The scandal between Turkey and France is absolutely meaningless, believes Konstantin Eggert, an analyst with Russian paper Kommersant:
“What do you think, gentlemen, is it worth punishing citizens for denying Stalin’s crimes and the existence of the Gulag in the Soviet Union? In fact, a similar question was put to a vote in the French parliament and the answer was, ‘yes, it’s worth it’.”
“Almost a century ago the Ottoman Empire killed up to one and a half million Armenians. Authorities of the dying empire encouraged the massacre since the Christian Armenians were considered the ‘fifth column’ of the Entente, which Turkey was fighting at the time. And during this entire century, during the days of Ataturk and his successors and with military dictatorships and under democratic conditions, Turkey denied that there was an act of deliberate extermination of people based on ethnicity.
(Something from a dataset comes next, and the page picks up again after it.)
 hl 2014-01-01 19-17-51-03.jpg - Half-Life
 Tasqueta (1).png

“Perhaps the world’s most influential Armenian Diaspora lives in France. It has long sought to recognize genocide denial as a crime. In Germany and Austria, Holocaust denial is similarly punishable by law. I think the French Parliament’s decision is wrong. In Germany and Austria, the initiators of the most monstrous genocide in history, it’s more or less understandable. But in France, it’s a reason to gag its citizens, a violation of the principle of freedom of speech. I don’t deny the Armenian Genocide; on the contrary, I consider it to be historically proven. The question is where is the limit of the intervention of a democratic state in the lives of its citizens?
“My opinion is that free speech shouldn’t be restricted, except in those cases that really should be the subject of criminal law. For example, calls for murder or disseminating child pornography. Societies which protects even criminal’s right to speech, as a rule are healthier and more stable than those countries where this right is restricted. The UK, where Hitler’s Mein Kampf can be purchased in any major bookstore, hasn’t turned into a fascist state.
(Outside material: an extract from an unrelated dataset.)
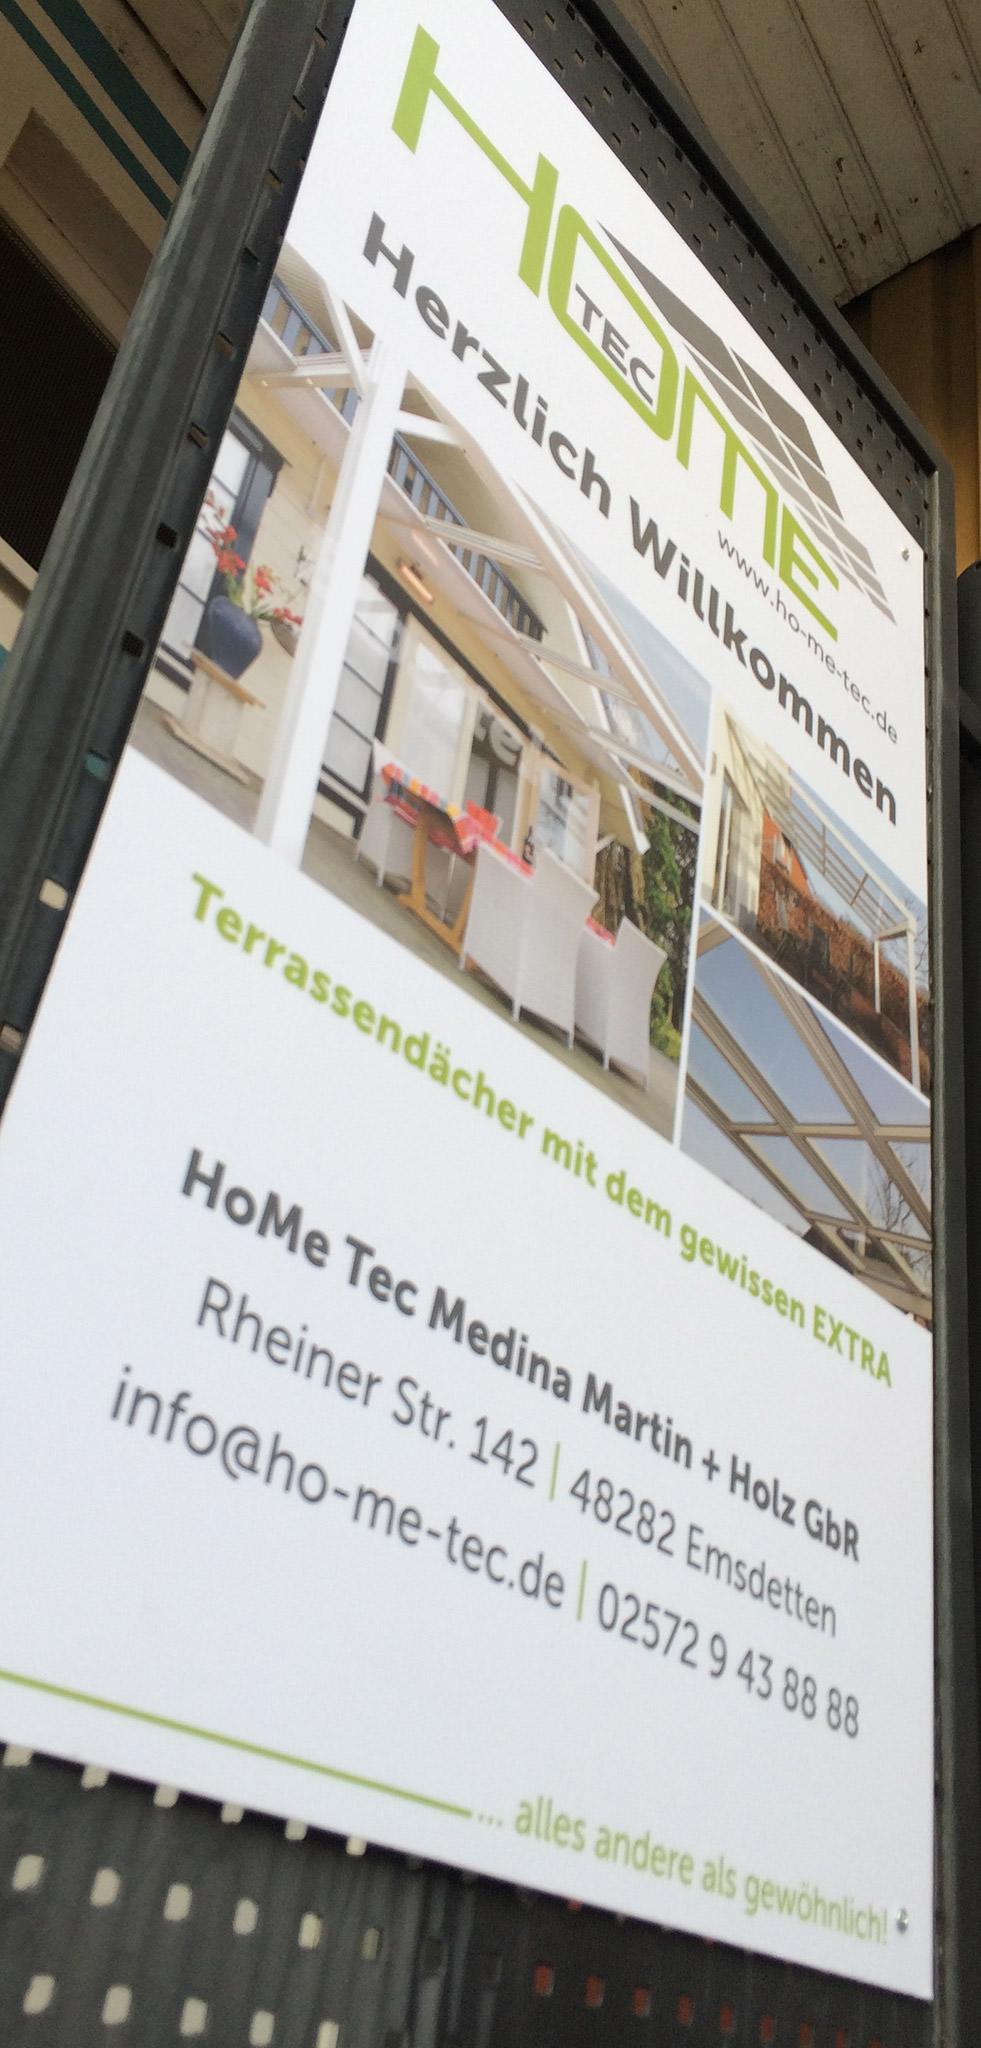 HoMeTec Ausstellung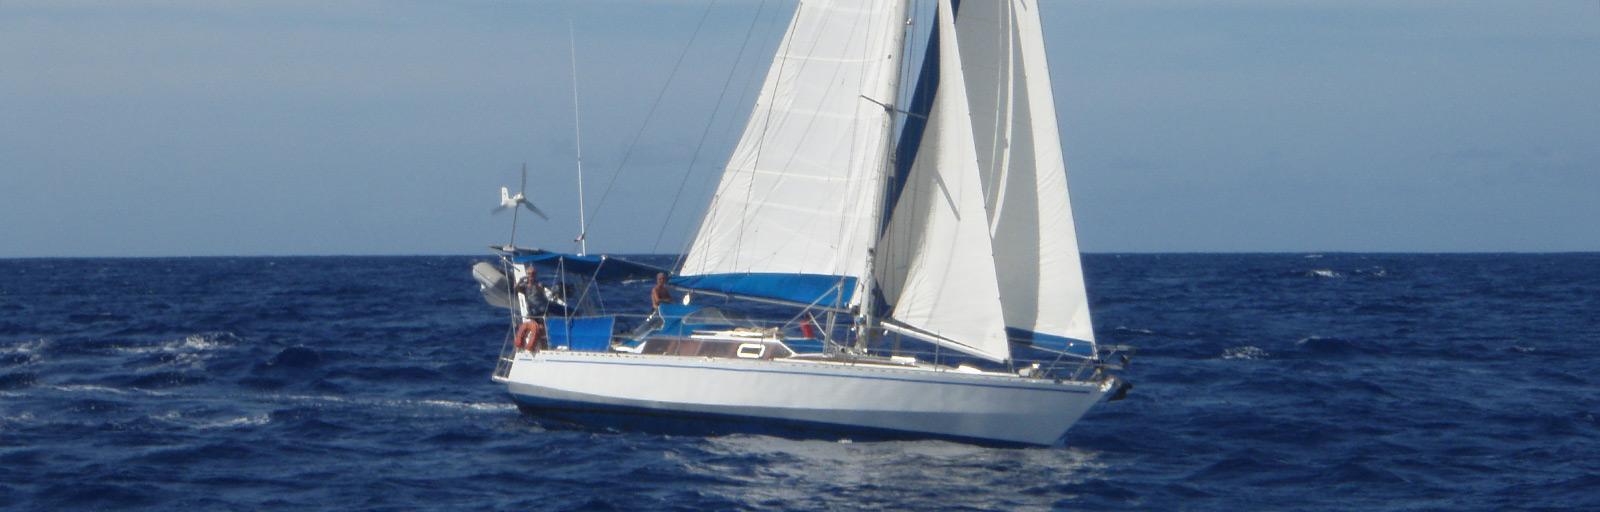 Gael 43 - AYC Yachtbroker

“Meanwhile in Germany, where traders in Berlin flea markets sell photo albums, medals and cap badges of the Third Reich era to tourists “under the table,” recently exposed an extensive network of neo-Nazis who were engaged in the murders of immigrants.
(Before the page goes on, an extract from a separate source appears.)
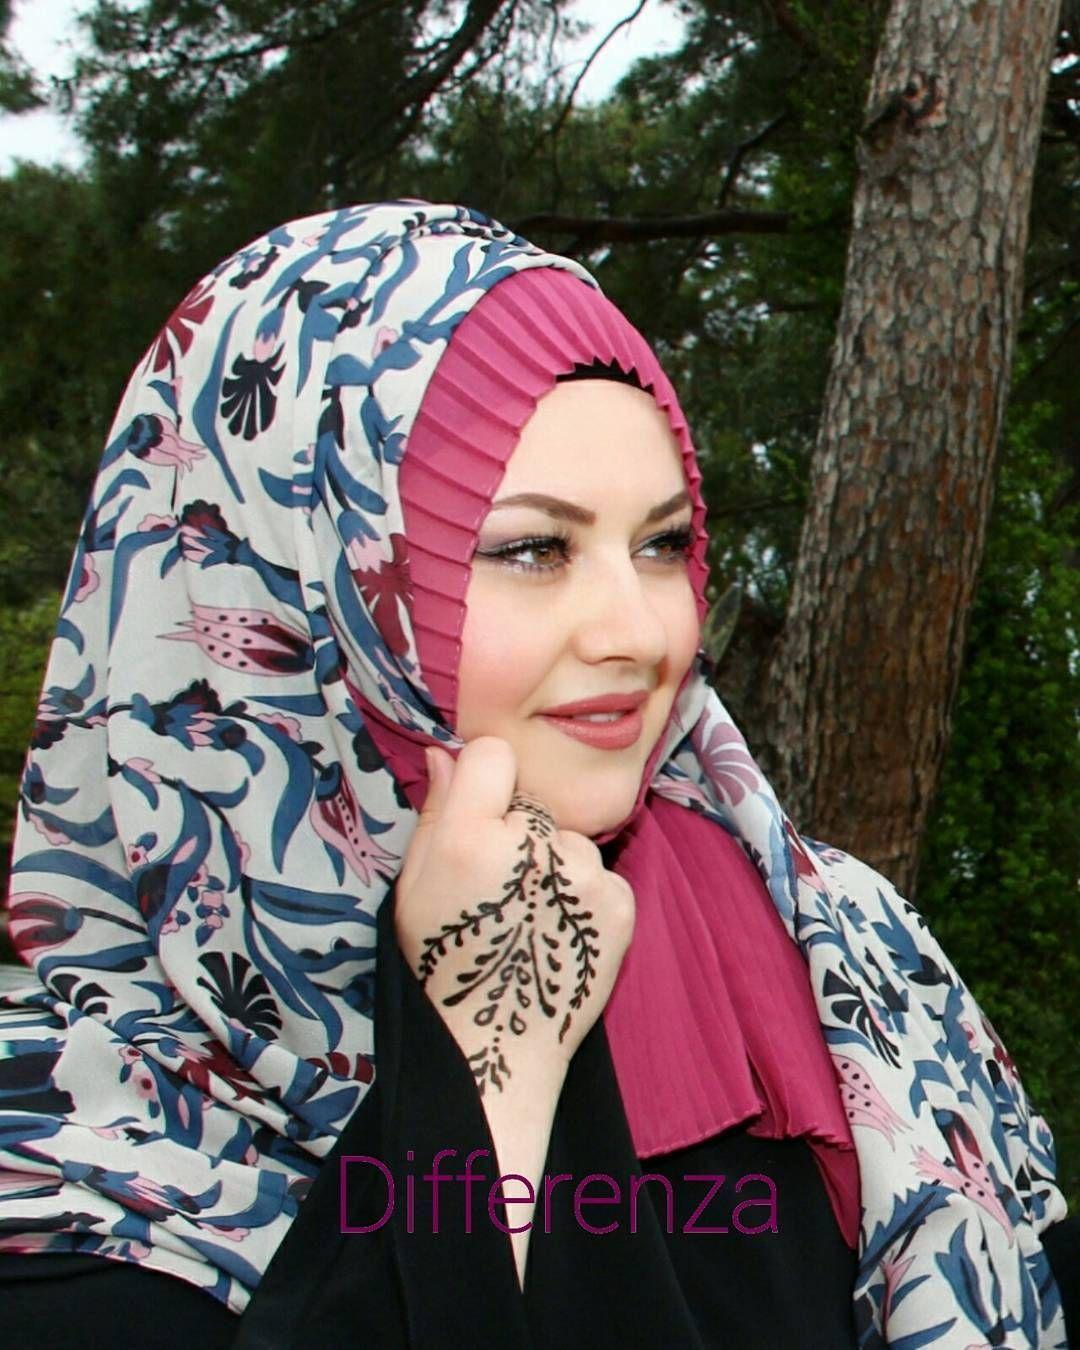 Image May Contain 1 Person Guzel Turban Desenler Resim

“Think about where you like to live — in the US, where the infamous cartoons of the Prophet Muhammad were published without major problems, or in the EU, where they’re afraid to print them? I hope Russia will avoid this trap and allow the fascists and Stalinist, libertarians and monarchists, the crazy and the sane can voice any opinion. Because where words are prohibited, sooner or later, they may begin to tell citizens how and what to think.”